Remake tells the parallel coming-of-age stories of a father living in Sarajevo during World War II and his son living through the Siege of Sarajevo during the Bosnian War.

The film premiered at the 32nd International Film Festival Rotterdam on January 23, 2003. The film's US premiere was at the 2004 Wine Country Film Festival (San Francisco), where it won three awards: Best First Feature, Best Actor (Bravo) and Award for Peace and Cultural Understanding. It won a Special Mention Award at the 53rd Berlin International Film Festival.

Plot and theme
In the early 1990s, Tarik is a young Sarajevan just starting out as a writer. Before the onset of war in the former Yugoslavia, he sends a screenplay to a literary competition in France.

In a parallel plot, we see the dramatization of his script: a true story of his father Ahmed Karaga, who is unprepared for the outbreak of World War II and ends up in a concentration camp, but manages to survive. In the present plot, Ahmed's drama is almost identically replayed in the fate of Tarik. Only the era and the conditions of suffering have changed.

In Sarajevo, Tarik is captured by the Serbian Army and is subjected to the cruel conditions of a labour camp, which differs little from a concentration camp. After an unsuccessful attempt to escape, a famous French film producer helps exchange Tarik for another prisoner and ensures transportation to Paris.

There, where few know of the great tragedy that has struck Bosnia, he meets one of his tormentors.

The film explores the theme of revenge versus forgiveness, as well as the idea that history repeats itself and that those who do not learn from it are doomed to repeat it.

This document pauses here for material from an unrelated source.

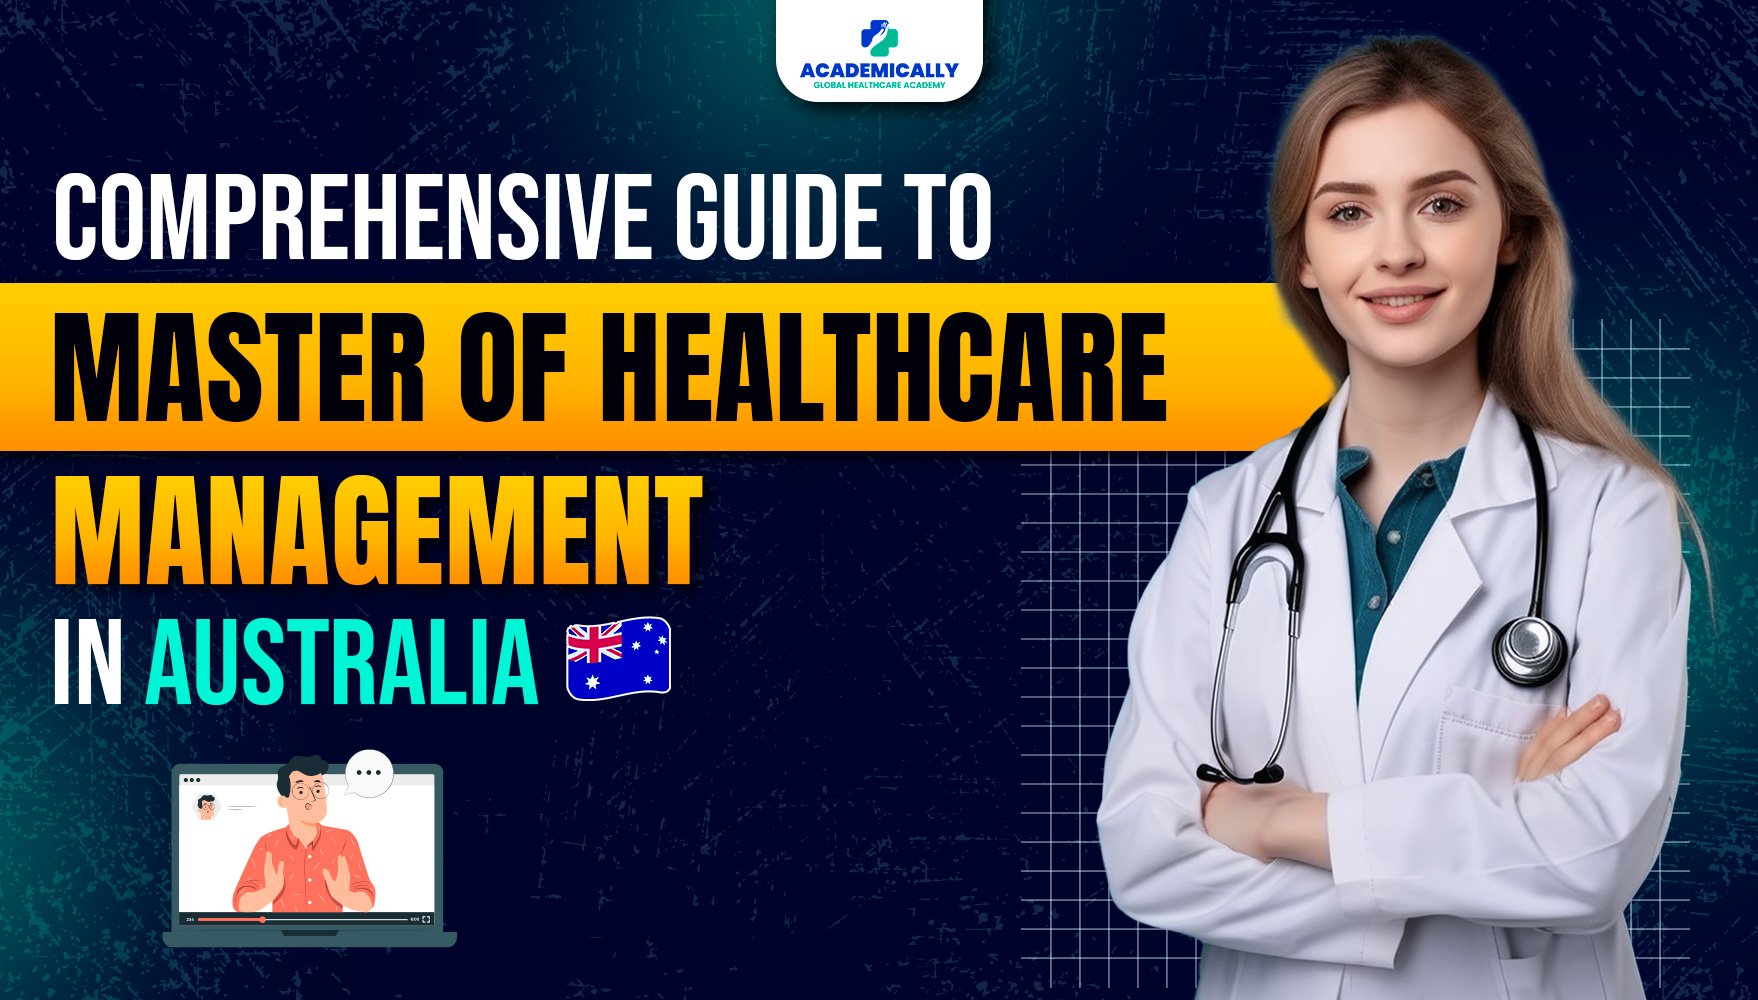 Master of Healthcare Management in Australia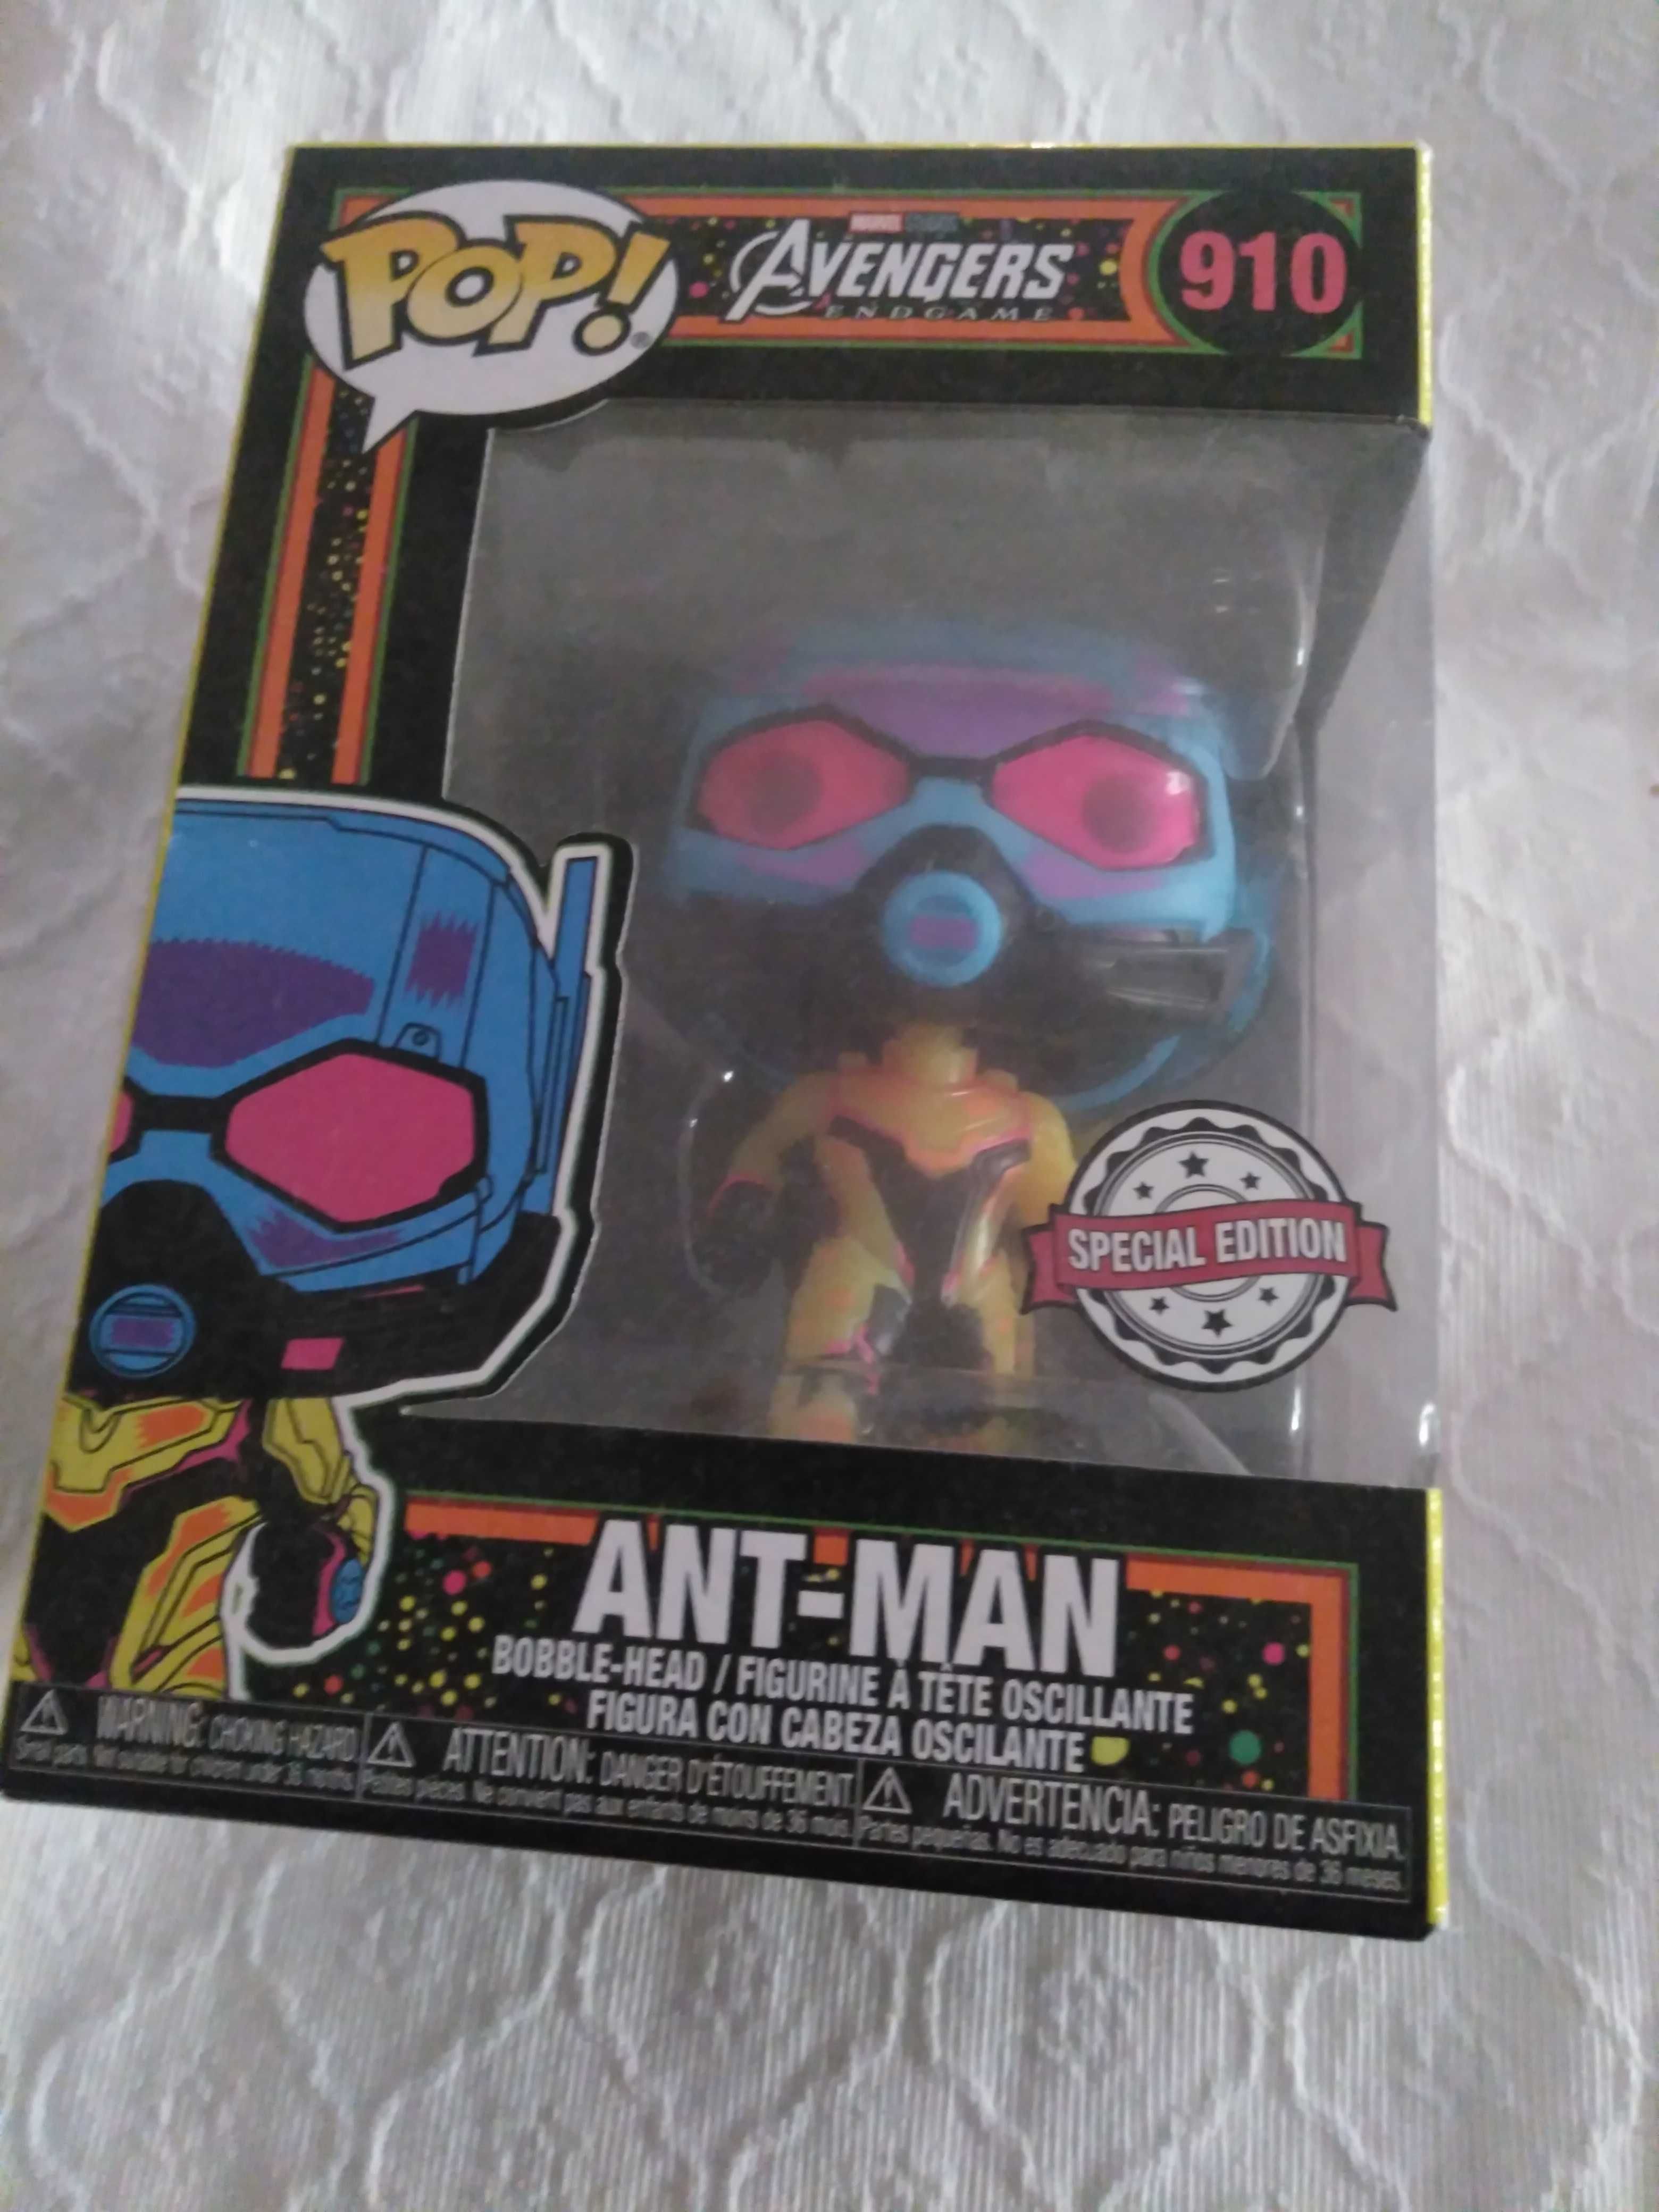 Funko pop 910 Avengers Ant-Man

Remake is also a coming-of-age drama, with scenes in which Ahmed and Tarik go out with their friends, have fun, fall in love.

Cast and characters

Ermin Bravo as Tarik Karaga
Aleksandar Seksan as Miro Jovanović, Tarik's best friend
Miralem Zupčević as Ahmed Karaga, Tarik's father
Ermin Sijamija as the younger version of Ahmed
Dejan Aćimović as Duke Mišo, one of the commanders of the local Serbian forces and Tarik's neighbor
Lucija Šerbedžija as Eva Bebek, Ahmed's girlfriend from his youth
Slaven Knezović as Marko Kalaba, Ahmed's friend
Helena Minić as Alma Dizdarević, Tarik's girlfriend
Jasna Diklić as Desa Jovanović, Miro's mother
Zijah Sokolović as Mirsad Alihodžić "Hodža", a Bosnian refugee in France, war profiteer
François Berléand as Francois-Charles Leconte, producer
Évelyne Bouix as Katrin Leconte, producer's wife
Haris Begović as Adis Dizdarević, Alma's younger brother
Izudin Bajrović as Jovo, Serbian soldier
Emir Hadžihafizbegović as Željko, Serbian guard
Admir Glamočak as an interrogator, investigator, Ustasha
Mario Drmać as Remzo, a singer from the camp
Miraj Grbić as Mitar, Serbian guard
Mirsad Tuka as Vaso, Serbian soldier
Mirza Tanović as French UN officer
Rade Čolović as Zoka, Serbian guard
Jasmin Mekić as Miki, Serbian soldier
Mirvad Kurić as Salko, captive
Tahir Nikšić as Vlado, captive
Nakib Abdagić as Zijo Bajrić, captive
Edhem Husić as Meho Mizić, captive
Božo Bunjevac as Avdo Ligata, captive
Vlado Kerošević as major
Alen Muratović as Džemo, illegal
Tatjana Šojić as announcer
Vlado Jokanović as clergyman
Bojan Trišić as gutterman
Aldin Zulić as Don Dragiša de la Kuvelja
Boris Balta as Ustasha

Production

Remake is the first feature film directed by Dino Mustafić and the first written by Zlatko Topčić. Mustafić said in an interview: "We need a cathartic films that talk about our recent past. They are just as important as a testimony to the evil and stupidity of war does not happen again." Topčić said: "The script is devoid of ideological and daily political tinge. This movie wants to be a movie of love, not hate."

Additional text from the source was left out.